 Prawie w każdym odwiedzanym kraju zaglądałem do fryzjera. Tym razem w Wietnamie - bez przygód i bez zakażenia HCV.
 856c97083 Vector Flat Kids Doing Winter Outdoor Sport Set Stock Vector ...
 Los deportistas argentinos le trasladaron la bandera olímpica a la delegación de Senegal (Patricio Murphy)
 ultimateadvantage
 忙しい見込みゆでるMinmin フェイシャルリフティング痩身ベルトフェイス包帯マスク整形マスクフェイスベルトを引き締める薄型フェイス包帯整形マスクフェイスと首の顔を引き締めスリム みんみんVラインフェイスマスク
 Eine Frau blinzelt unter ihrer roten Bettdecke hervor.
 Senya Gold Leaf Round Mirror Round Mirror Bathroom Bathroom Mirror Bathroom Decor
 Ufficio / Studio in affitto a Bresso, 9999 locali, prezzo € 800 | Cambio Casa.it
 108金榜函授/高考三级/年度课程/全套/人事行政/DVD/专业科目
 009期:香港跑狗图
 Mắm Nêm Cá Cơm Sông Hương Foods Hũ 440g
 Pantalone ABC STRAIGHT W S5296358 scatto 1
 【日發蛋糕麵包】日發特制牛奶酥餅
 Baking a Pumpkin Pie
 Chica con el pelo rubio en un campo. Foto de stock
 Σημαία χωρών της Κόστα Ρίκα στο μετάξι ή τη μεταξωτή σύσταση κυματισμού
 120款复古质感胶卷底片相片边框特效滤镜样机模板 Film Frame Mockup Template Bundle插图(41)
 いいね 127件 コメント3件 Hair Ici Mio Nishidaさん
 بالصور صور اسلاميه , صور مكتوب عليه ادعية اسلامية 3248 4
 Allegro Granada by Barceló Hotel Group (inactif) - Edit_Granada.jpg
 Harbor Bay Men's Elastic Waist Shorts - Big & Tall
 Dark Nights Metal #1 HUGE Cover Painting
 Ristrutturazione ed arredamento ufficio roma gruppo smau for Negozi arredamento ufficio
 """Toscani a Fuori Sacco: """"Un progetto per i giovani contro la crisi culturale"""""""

> _TASK OBJECTIVE_: Copying word for word, give each line of the data above from the first one through the line containing "بالصور صور اسلاميه", and nothing else.

> _EXERCISE RESULT_:
 Prawie w każdym odwiedzanym kraju zaglądałem do fryzjera. Tym razem w Wietnamie - bez przygód i bez zakażenia HCV.
 856c97083 Vector Flat Kids Doing Winter Outdoor Sport Set Stock Vector ...
 Los deportistas argentinos le trasladaron la bandera olímpica a la delegación de Senegal (Patricio Murphy)
 ultimateadvantage
 忙しい見込みゆでるMinmin フェイシャルリフティング痩身ベルトフェイス包帯マスク整形マスクフェイスベルトを引き締める薄型フェイス包帯整形マスクフェイスと首の顔を引き締めスリム みんみんVラインフェイスマスク
 Eine Frau blinzelt unter ihrer roten Bettdecke hervor.
 Senya Gold Leaf Round Mirror Round Mirror Bathroom Bathroom Mirror Bathroom Decor
 Ufficio / Studio in affitto a Bresso, 9999 locali, prezzo € 800 | Cambio Casa.it
 108金榜函授/高考三级/年度课程/全套/人事行政/DVD/专业科目
 009期:香港跑狗图
 Mắm Nêm Cá Cơm Sông Hương Foods Hũ 440g
 Pantalone ABC STRAIGHT W S5296358 scatto 1
 【日發蛋糕麵包】日發特制牛奶酥餅
 Baking a Pumpkin Pie
 Chica con el pelo rubio en un campo. Foto de stock
 Σημαία χωρών της Κόστα Ρίκα στο μετάξι ή τη μεταξωτή σύσταση κυματισμού
 120款复古质感胶卷底片相片边框特效滤镜样机模板 Film Frame Mockup Template Bundle插图(41)
 いいね 127件 コメント3件 Hair Ici Mio Nishidaさん
 بالصور صور اسلاميه , صور مكتوب عليه ادعية اسلامية 3248 4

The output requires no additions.